> [Assignment]:
Copying nothing before it, reproduce the line that holds "Accompagné d'une boîte" and every line after it in the data, exactly.

> [Data segment]:
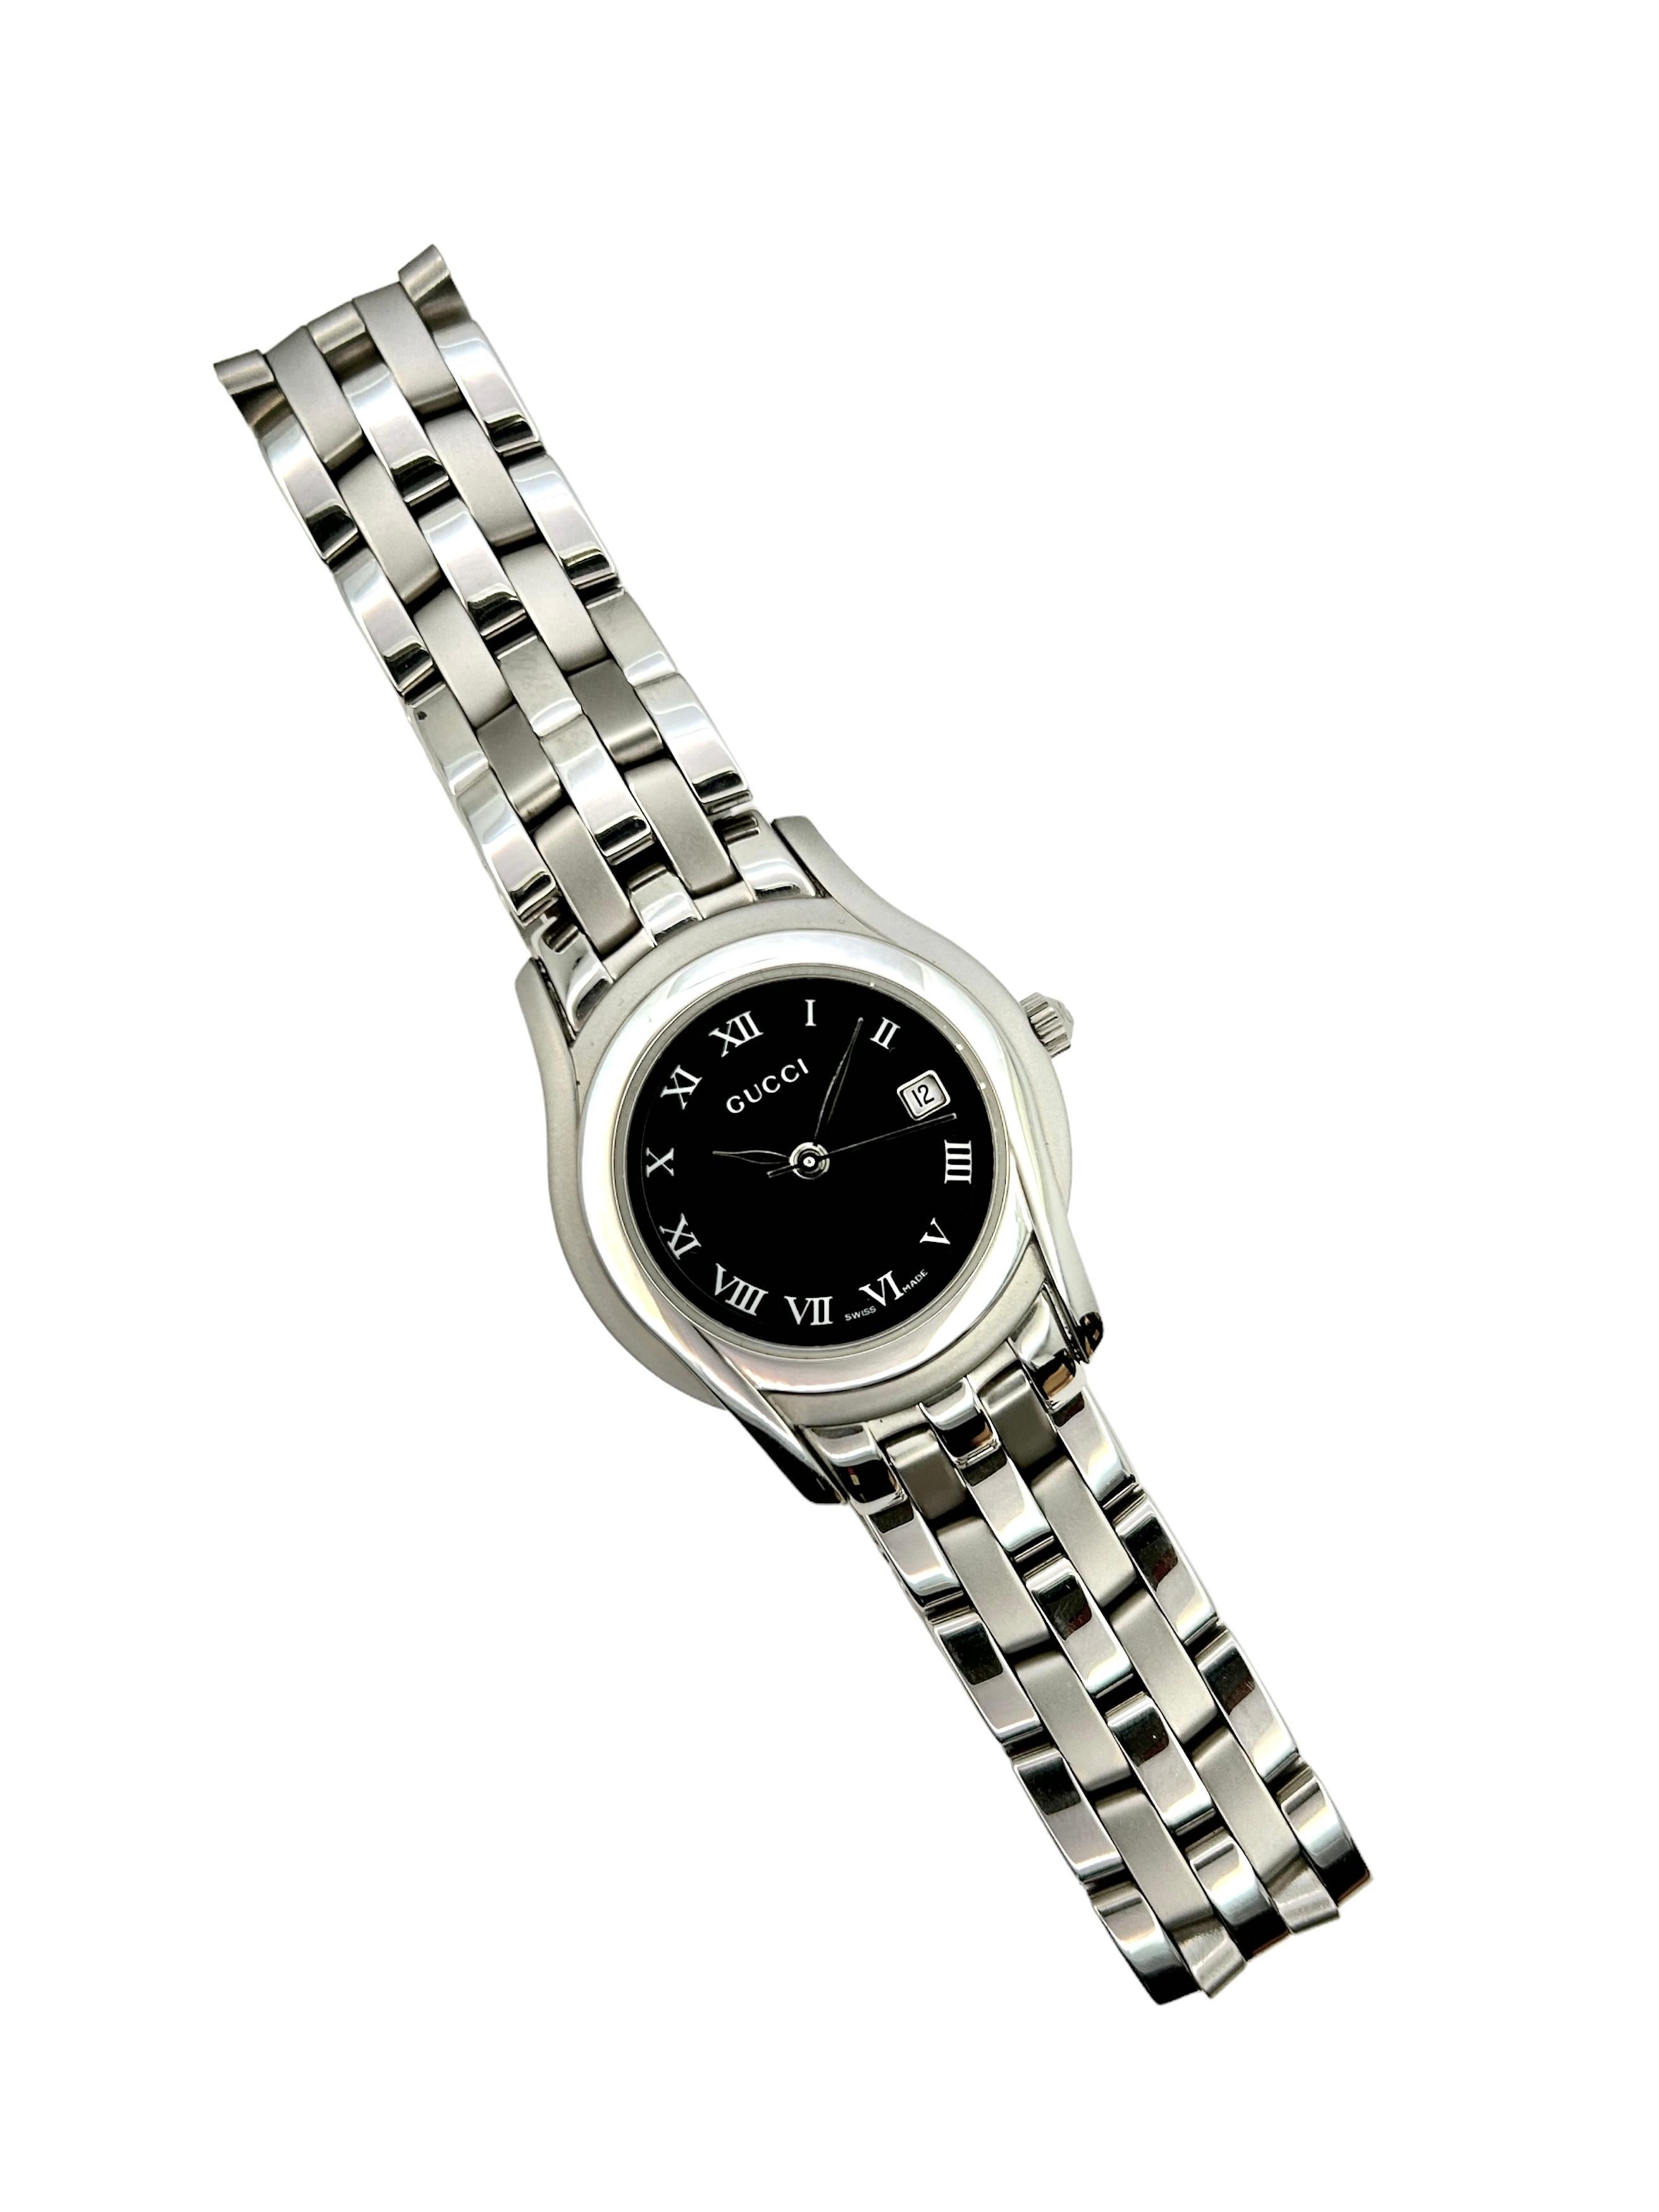 Nouvelle montre à quartz Gucci pour femme en acier inoxydable fabriqué en Suisse.
La montre n'a jamais été portée et provient d'un vendeur italien agréé.

Accompagné d'une boîte et de la garantie internationale Gucci.
Il est également possible de

> [Completed exercise]:
Accompagné d'une boîte et de la garantie internationale Gucci.
Il est également possible de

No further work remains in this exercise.